Daniel Goldhagen

Daniel Goldhagen
Daniel Jonah Goldhagen
Born June 1959
Occupation Political Scientist, Author
Nationality USA
Notable work(s) Hitler's Willing Executioners, A Moral Reckoning, Worse Than War
Spouse(s) Sarah Williams Goldhagen

goldhagen.com

Daniel Jonah Goldhagen (born 1959) is an American author and former Associate Professor of Political Science and Social Studies at Harvard University. Goldhagen reached international attention as the author of two controversial books about the Holocaust, Hitler's Willing Executioners (1996) and A Moral Reckoning (2002). He is also the author of 2009's Worse Than War, which examines the phenomenon of genocide.

Contents

Early life

Daniel Jonah Goldhagen was born in Boston, Massachusetts, U.S., in June 1959, to Norma and Erich Goldhagen.

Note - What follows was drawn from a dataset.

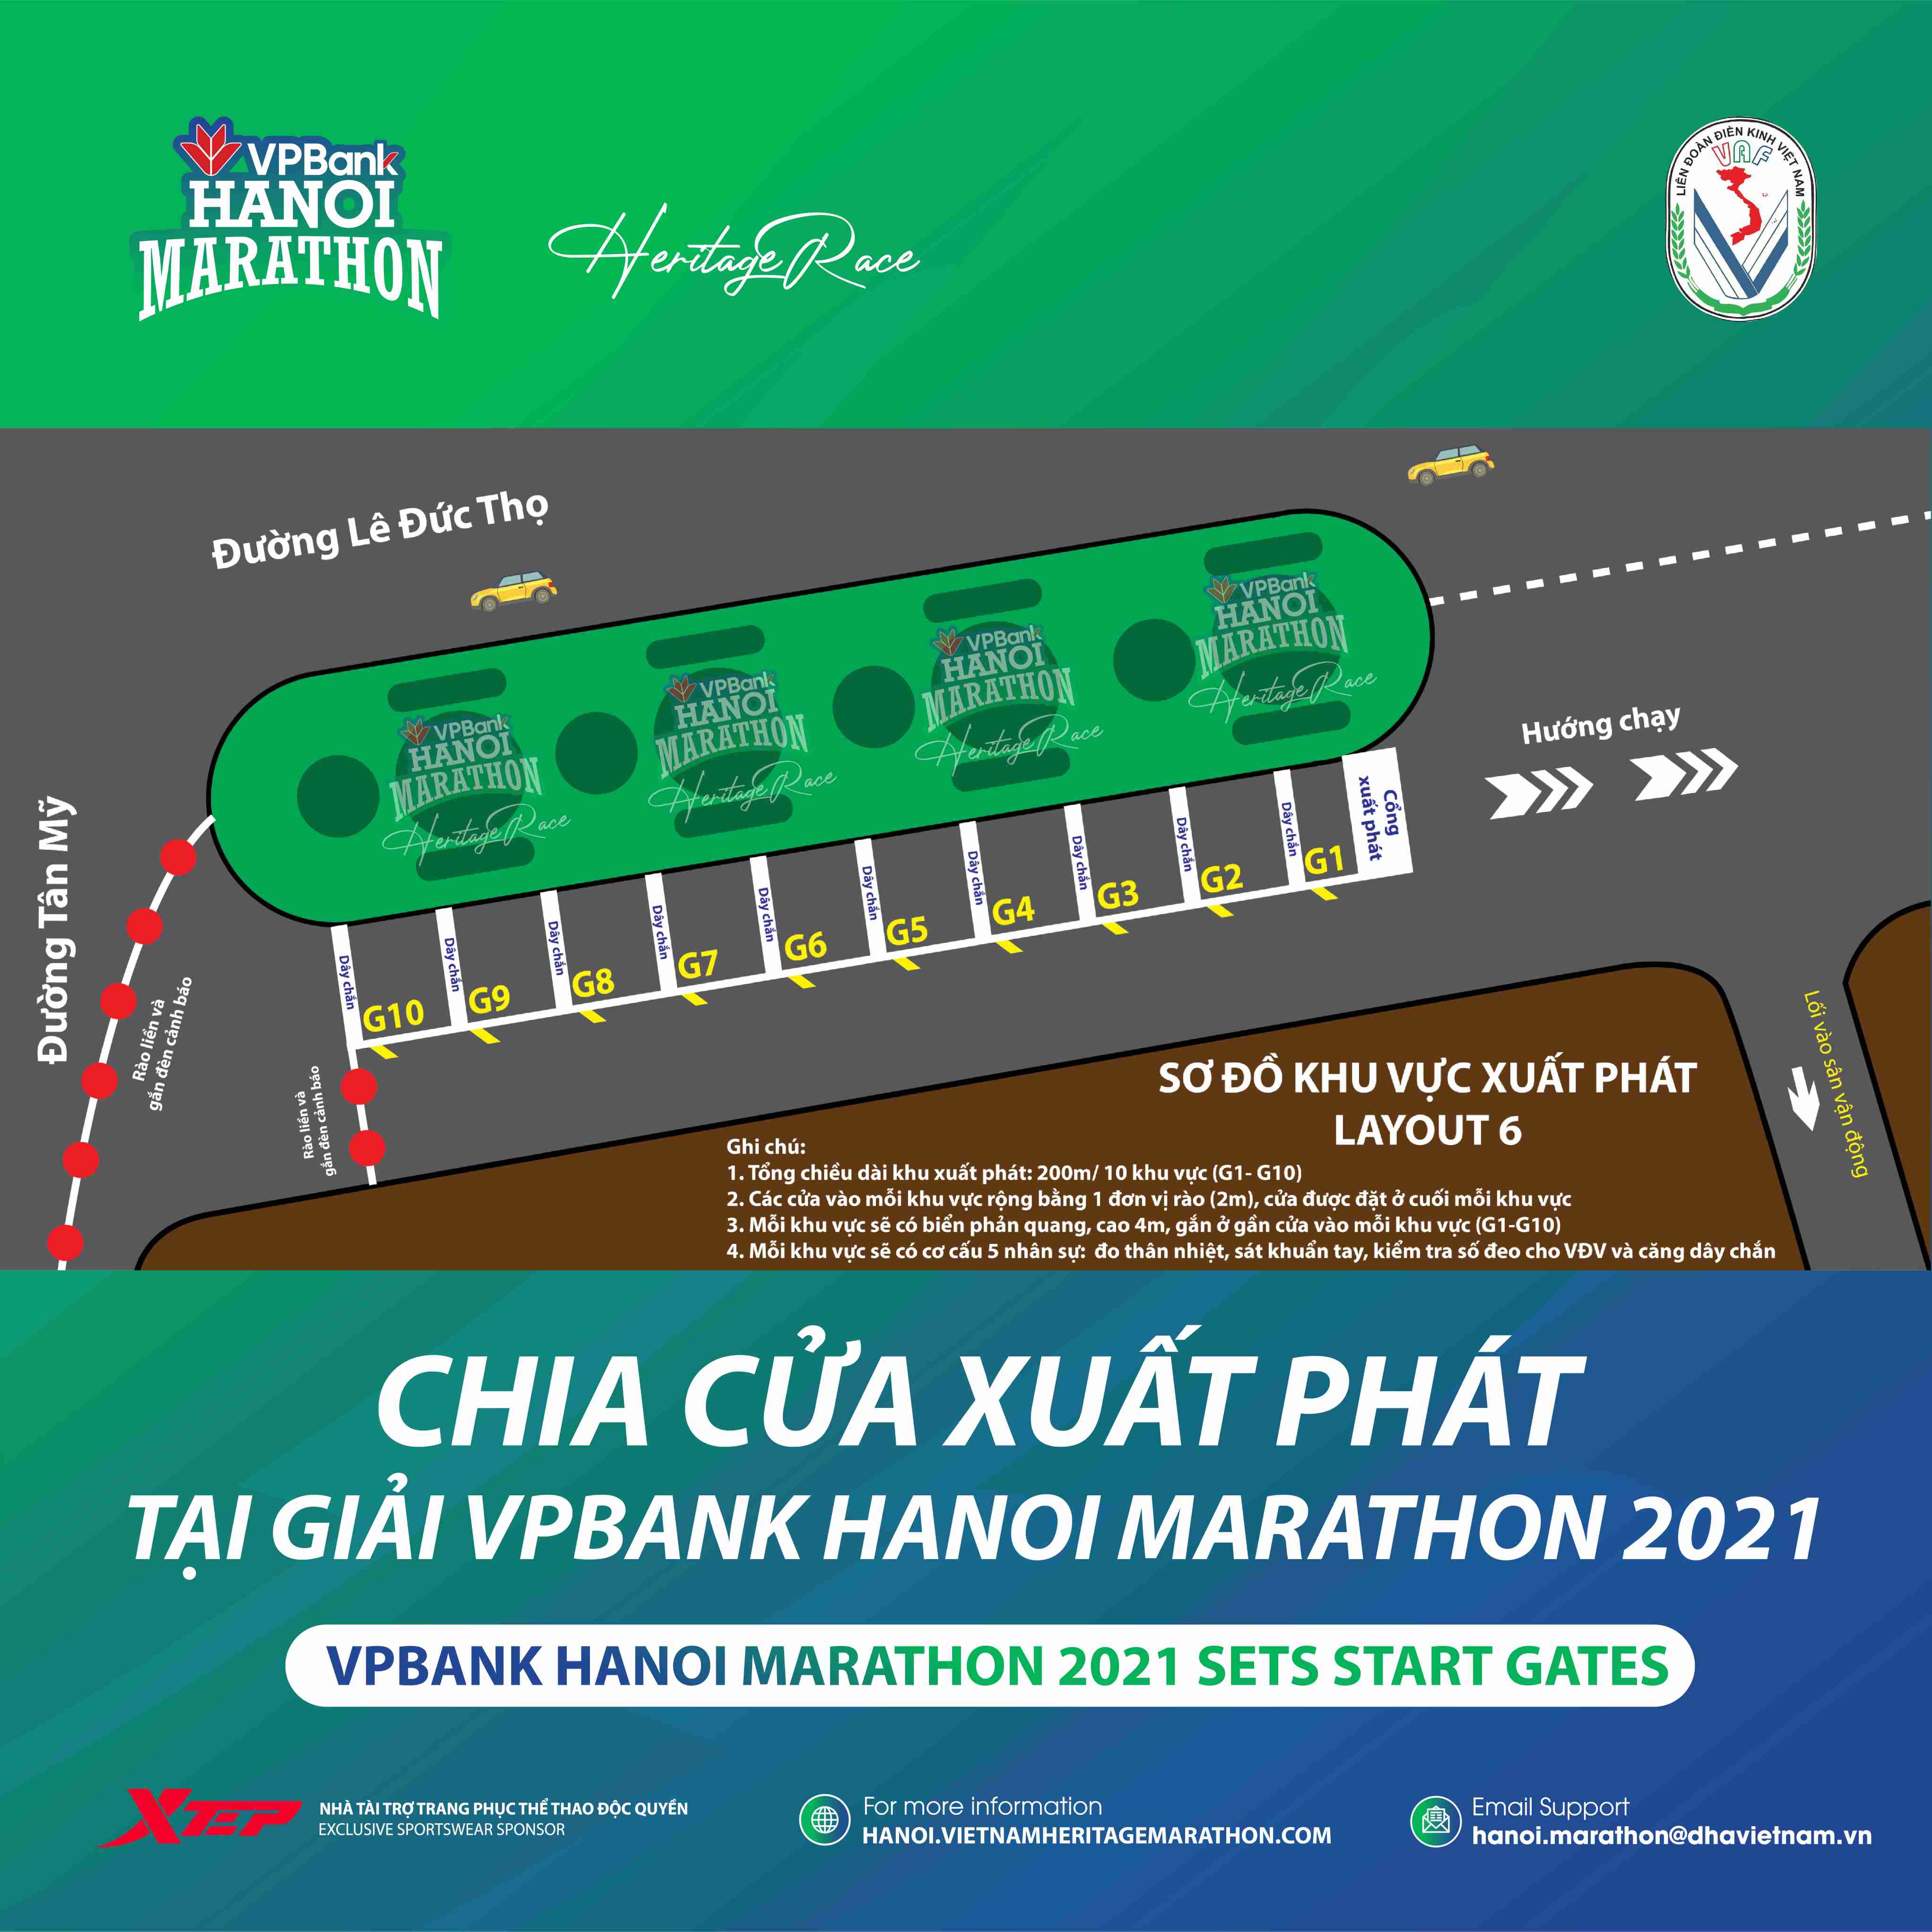 VPBank Hanoi Marathon 2021 To Set Start Gates To Limit Infections

He grew up in Newton, Massachusetts.[1] His wife is Sarah Williams Goldhagen, an architectural historian, and critic forThe New Republic magazine.[2]

Goldhagen is the son of retired Harvard professor Erich Goldhagen, a Holocaust survivor who lived in a RomanianJewish ghetto in Czernowitz, now in Ukraine.[1] He credits his father as a "model of intellectual sobriety and probity".[3] Goldhagen has written that his "understanding of Nazism and of the Holocaust is firmly indebted" to his father's influence.[3] In 1977, Goldhagen entered Harvard College and remained there for some twenty years, as an undergraduate and graduate student, then as an assistant professor in the Government and Social Studies Department.[4][5]

During early graduate studies, he attended a lecture by Saul Friedländer, in which he had what he describes as a “lightbulb moment”: the functionalism versus intentionalism debate did not address the question, “When Hitler ordered the annihilation of the Jews, why did people execute the order?” Goldhagen wanted to investigate who were the German men and women who killed the Jews, and their reasons for killing.[1]

Career

As a graduate student, Goldhagen did research in the German archives.[1][6] The thesis of Hitler’s Willing Executioners: Ordinary Germans and the Holocaust proposes that, during the Holocaust, many killers were ordinary Germans, who killed for having been raised in a profoundly antisemitic culture, and thus were acculturated — "ready and willing" — to execute the Nazi government’s genocidal plans.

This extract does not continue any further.